Ветер принес из окружающей тьмы крупные капли дождя, забарабанившие по натянутому высоко над костром тенту. Морган подбросил в огонь поленьев. Пламя затанцевало, сочно прищелкивая и выстреливая крупные искры. Дар оповестил о том, что сонные ребята добрались до своих палаток, а на вакантное место второго дозорного объявился претендент. Увы, не один из тех, чье общество Морган бы предпочел. Спустя минуту на его плечи опустились руки и начали массировать натруженные мышцы, которые все еще болели после бурлацкой работы и таскания набитых железом ящиков. Морган невольно зажмурился от удовольствия.

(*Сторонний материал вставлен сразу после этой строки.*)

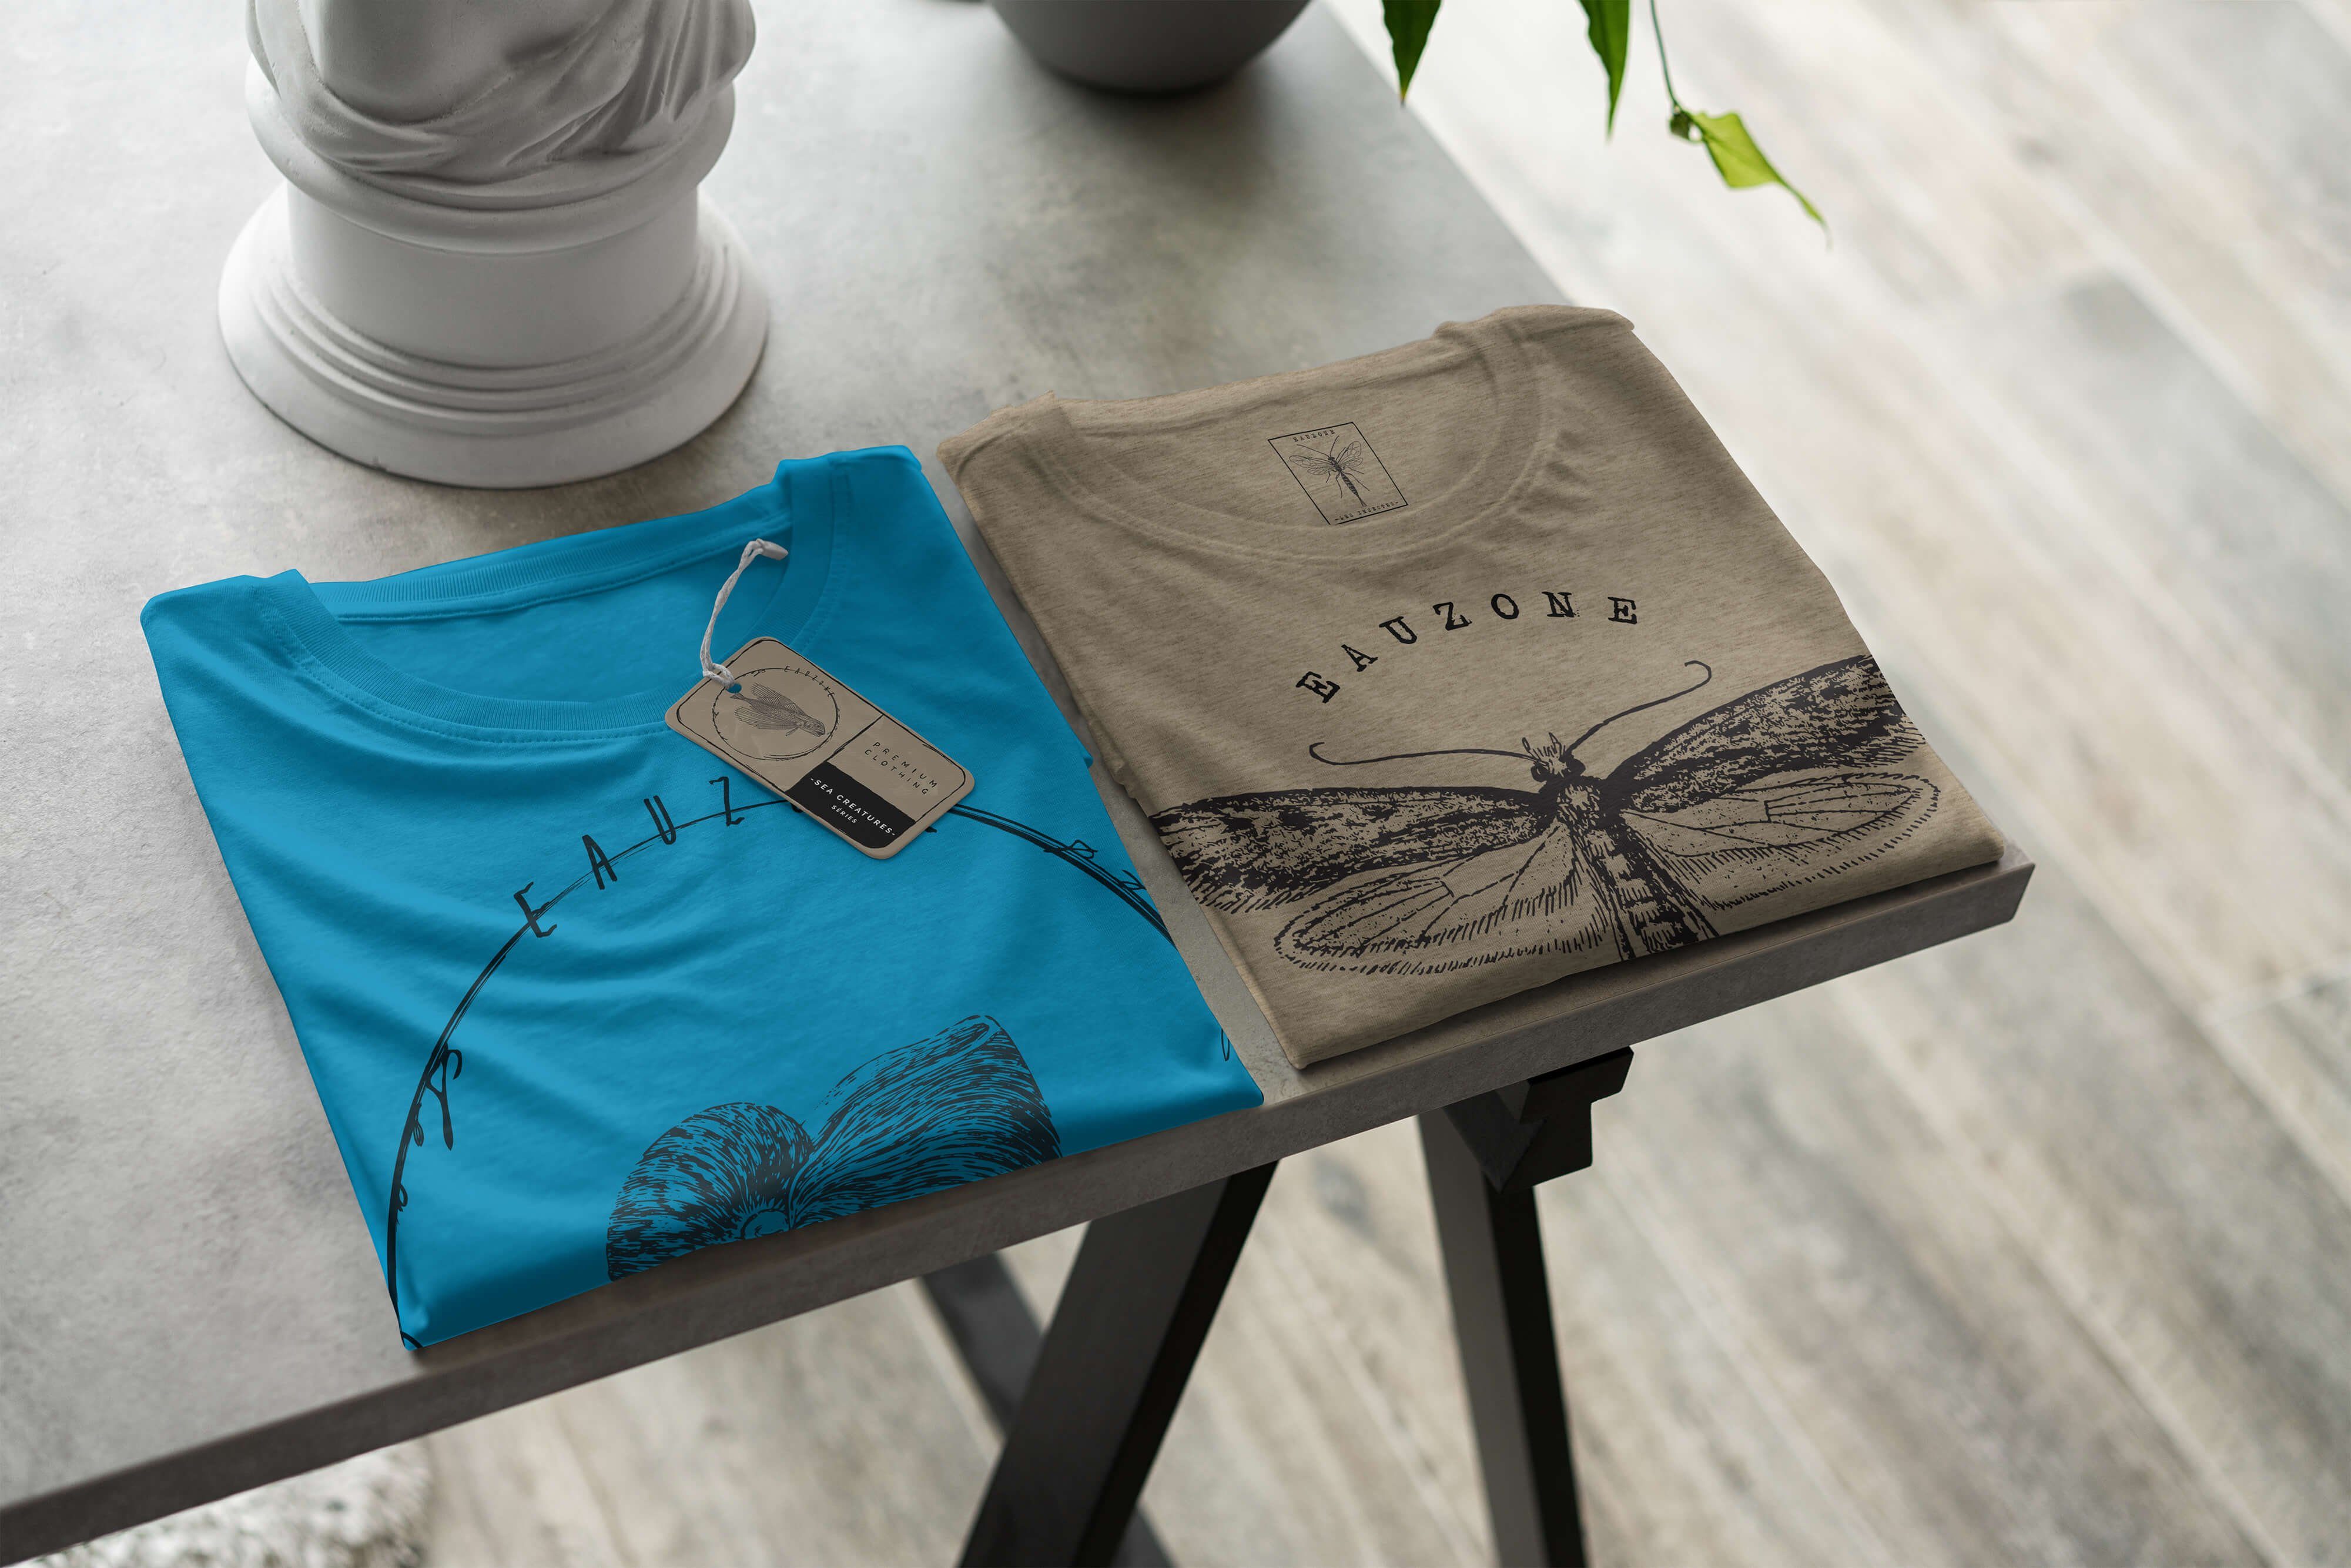 Sinus Art T-Shirt T-Shirt Schnitt 049 - Sea Serie: Atoll Struktur sportlicher / und Fische Creatures, feine Sea Tiefsee
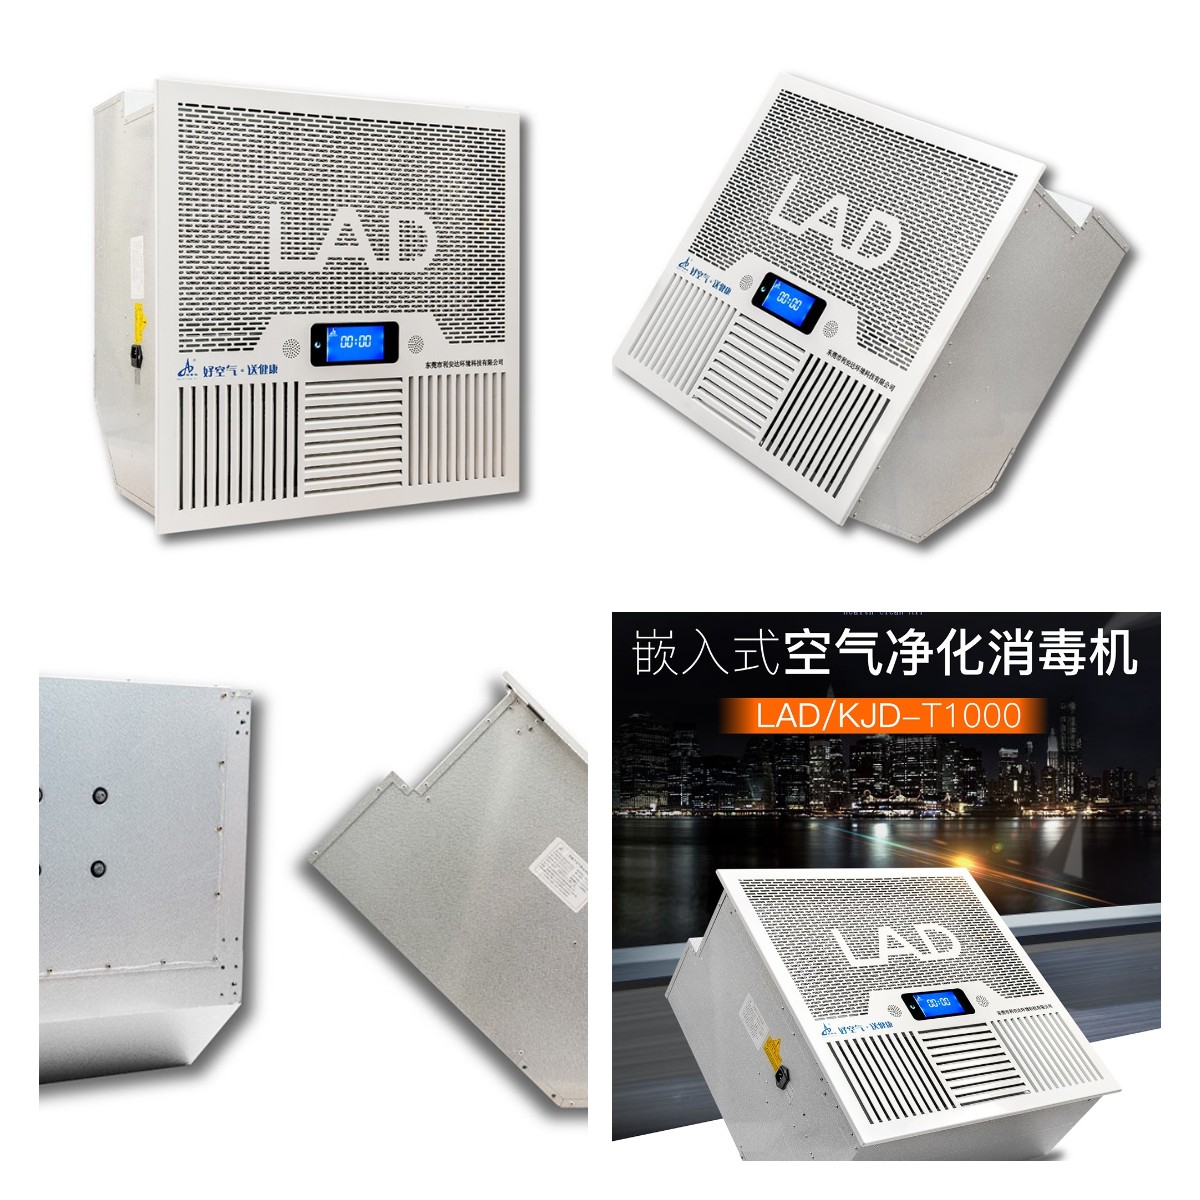 LAD/KJD-T1000型吸顶式空气净化消毒机.jpg

– Наш вечный дозорный, у которого от глубоких раздумий дымятся ботинки, – в такт движениям произнесла Каула.
– Ох… – Морган убрал ноги от огня. – А я никак не соображу, откуда вонь.
– И воду забыл налить. – Каула оставила его в покое, сняла раскаленный котелок на палке, положила в мокрую траву. – Сколько котелков ты сжег, мыслитель?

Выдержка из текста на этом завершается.